Выбрать главу

- Отлично, детка! Об этом стоит подумать. Может быть, ваше предложение со временем признают гениальным, но сейчас, мне кажется, все-таки придется отвечать за потери.

- Наш ответ прост, Нина Ивановна. Если мы будем часами стоять на поле и спорить о регулировке, то потеряем еще больше. А то, что сейчас уходит в мякину, пойдет на корм скоту. Извините, мне нужно на другой участок, к другим разбойникам, как вы изволили выразиться.

Ульяна повернулась и пошла к стоявшему поодаль Агафону.

- Ну, а мы куда, Роман Николаевич? - не обращая внимания на слова девушки, утомленно спросила Нина Ивановна.

Спиглазов подумал, подумал и пригласил гостью на бахчи, отведать ароматных скороспелых уральских дынь.

Нина Ивановна с радостью согласилась.

Поджидая Ульяну, Агафон сидел в тени соломенной копны и разговаривал с Дашей.
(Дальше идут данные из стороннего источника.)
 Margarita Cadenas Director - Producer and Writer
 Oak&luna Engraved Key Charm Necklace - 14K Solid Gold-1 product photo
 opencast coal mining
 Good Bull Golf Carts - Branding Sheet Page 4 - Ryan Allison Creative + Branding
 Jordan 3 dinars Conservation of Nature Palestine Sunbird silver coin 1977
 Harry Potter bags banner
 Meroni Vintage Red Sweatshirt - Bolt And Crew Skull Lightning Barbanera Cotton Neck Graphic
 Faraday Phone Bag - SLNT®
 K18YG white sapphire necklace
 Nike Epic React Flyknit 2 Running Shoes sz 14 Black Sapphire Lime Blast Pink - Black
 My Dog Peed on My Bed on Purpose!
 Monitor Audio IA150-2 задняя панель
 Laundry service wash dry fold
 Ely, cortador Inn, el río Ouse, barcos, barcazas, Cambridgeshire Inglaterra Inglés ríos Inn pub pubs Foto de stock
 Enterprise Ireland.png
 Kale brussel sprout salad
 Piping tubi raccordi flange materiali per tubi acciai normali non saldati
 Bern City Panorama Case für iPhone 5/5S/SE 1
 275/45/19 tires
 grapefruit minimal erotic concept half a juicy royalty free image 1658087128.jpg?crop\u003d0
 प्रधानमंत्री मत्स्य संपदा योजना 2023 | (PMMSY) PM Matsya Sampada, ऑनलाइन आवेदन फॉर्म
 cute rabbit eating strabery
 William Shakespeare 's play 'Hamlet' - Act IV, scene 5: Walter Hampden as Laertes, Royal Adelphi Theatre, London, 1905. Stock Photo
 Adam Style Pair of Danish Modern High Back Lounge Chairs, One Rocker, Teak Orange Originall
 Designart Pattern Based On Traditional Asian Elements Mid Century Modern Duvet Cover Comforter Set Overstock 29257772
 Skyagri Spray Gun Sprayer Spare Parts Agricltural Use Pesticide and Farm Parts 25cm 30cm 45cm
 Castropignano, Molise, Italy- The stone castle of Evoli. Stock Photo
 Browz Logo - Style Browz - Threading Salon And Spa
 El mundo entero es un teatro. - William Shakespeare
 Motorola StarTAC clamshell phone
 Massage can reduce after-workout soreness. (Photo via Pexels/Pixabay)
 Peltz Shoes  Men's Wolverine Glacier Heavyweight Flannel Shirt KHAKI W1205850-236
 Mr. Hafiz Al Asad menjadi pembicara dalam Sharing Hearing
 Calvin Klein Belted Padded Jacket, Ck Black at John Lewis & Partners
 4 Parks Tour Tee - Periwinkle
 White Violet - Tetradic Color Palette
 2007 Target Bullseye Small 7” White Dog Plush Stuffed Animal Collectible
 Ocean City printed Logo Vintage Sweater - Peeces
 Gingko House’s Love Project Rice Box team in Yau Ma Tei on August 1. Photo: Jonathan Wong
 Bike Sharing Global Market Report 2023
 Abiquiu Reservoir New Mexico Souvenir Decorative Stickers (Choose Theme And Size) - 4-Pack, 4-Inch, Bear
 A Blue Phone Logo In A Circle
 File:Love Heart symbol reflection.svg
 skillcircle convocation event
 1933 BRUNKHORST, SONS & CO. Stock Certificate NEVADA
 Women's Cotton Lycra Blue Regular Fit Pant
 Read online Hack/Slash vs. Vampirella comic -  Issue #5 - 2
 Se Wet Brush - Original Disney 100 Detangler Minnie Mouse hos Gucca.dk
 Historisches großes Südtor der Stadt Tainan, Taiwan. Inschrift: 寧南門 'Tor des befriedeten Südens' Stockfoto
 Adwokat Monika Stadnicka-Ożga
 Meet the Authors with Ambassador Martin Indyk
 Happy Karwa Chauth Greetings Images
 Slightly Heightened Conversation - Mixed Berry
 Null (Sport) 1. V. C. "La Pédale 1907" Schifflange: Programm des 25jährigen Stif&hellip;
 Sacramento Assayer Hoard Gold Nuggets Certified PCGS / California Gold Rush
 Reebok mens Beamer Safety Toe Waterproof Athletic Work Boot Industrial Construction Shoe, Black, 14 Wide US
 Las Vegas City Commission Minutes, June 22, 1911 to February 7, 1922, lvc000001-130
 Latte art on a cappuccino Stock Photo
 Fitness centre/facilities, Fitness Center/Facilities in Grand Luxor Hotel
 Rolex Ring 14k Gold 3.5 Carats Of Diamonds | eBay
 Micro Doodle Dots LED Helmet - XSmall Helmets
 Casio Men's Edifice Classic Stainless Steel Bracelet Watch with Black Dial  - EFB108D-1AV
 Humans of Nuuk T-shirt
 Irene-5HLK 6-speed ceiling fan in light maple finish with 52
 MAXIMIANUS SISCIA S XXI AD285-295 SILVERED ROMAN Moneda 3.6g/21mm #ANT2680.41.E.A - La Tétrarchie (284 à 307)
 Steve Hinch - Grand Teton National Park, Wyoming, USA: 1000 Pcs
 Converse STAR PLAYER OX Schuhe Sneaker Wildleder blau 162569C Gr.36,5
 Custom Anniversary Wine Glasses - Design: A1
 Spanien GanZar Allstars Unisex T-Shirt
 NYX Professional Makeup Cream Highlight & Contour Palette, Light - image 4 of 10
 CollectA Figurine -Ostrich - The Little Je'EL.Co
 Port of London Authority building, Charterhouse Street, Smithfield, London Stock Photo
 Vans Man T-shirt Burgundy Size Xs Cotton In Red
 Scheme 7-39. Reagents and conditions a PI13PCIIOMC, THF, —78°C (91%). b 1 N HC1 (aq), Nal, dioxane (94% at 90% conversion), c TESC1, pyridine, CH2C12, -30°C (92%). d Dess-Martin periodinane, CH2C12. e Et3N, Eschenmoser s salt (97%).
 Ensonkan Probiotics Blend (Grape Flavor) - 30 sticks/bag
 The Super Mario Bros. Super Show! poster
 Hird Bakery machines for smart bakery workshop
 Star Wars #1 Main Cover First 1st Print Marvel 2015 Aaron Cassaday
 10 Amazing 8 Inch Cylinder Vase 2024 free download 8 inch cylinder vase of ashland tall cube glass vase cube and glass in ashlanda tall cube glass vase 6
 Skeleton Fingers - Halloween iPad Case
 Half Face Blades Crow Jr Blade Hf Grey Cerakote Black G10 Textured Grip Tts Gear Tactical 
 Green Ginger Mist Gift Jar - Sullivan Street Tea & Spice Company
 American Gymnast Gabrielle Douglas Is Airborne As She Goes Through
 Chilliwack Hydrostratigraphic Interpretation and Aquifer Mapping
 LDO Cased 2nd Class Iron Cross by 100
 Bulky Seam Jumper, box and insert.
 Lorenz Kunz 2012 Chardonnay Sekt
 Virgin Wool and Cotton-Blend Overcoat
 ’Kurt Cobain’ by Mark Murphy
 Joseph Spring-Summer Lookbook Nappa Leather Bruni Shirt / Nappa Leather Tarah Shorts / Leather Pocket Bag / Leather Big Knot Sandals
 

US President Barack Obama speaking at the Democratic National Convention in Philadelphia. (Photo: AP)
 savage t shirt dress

За последние месяцы девушка заметно подросла, казалось, еще больше округлилась, но по-прежнему была веселой и беспечной.

- Ужас как хочется за штурвалом поработать. А папашка мой усадил на эту драндулетину, и стала я бочковозом. Сижу верхом на бочке, как дуреха какая, парни гогочут, словно козлы на кошаре. Срамотища! - жаловалась она Агафону.

- Никакого сраму, Даша. Холодная водичка сейчас первейшее на поле дело, - посмеиваясь, успокаивал ее Агафон.

- Ага, значит, тоже агитируете?

- Ну зачем же! И так понятно, Даша.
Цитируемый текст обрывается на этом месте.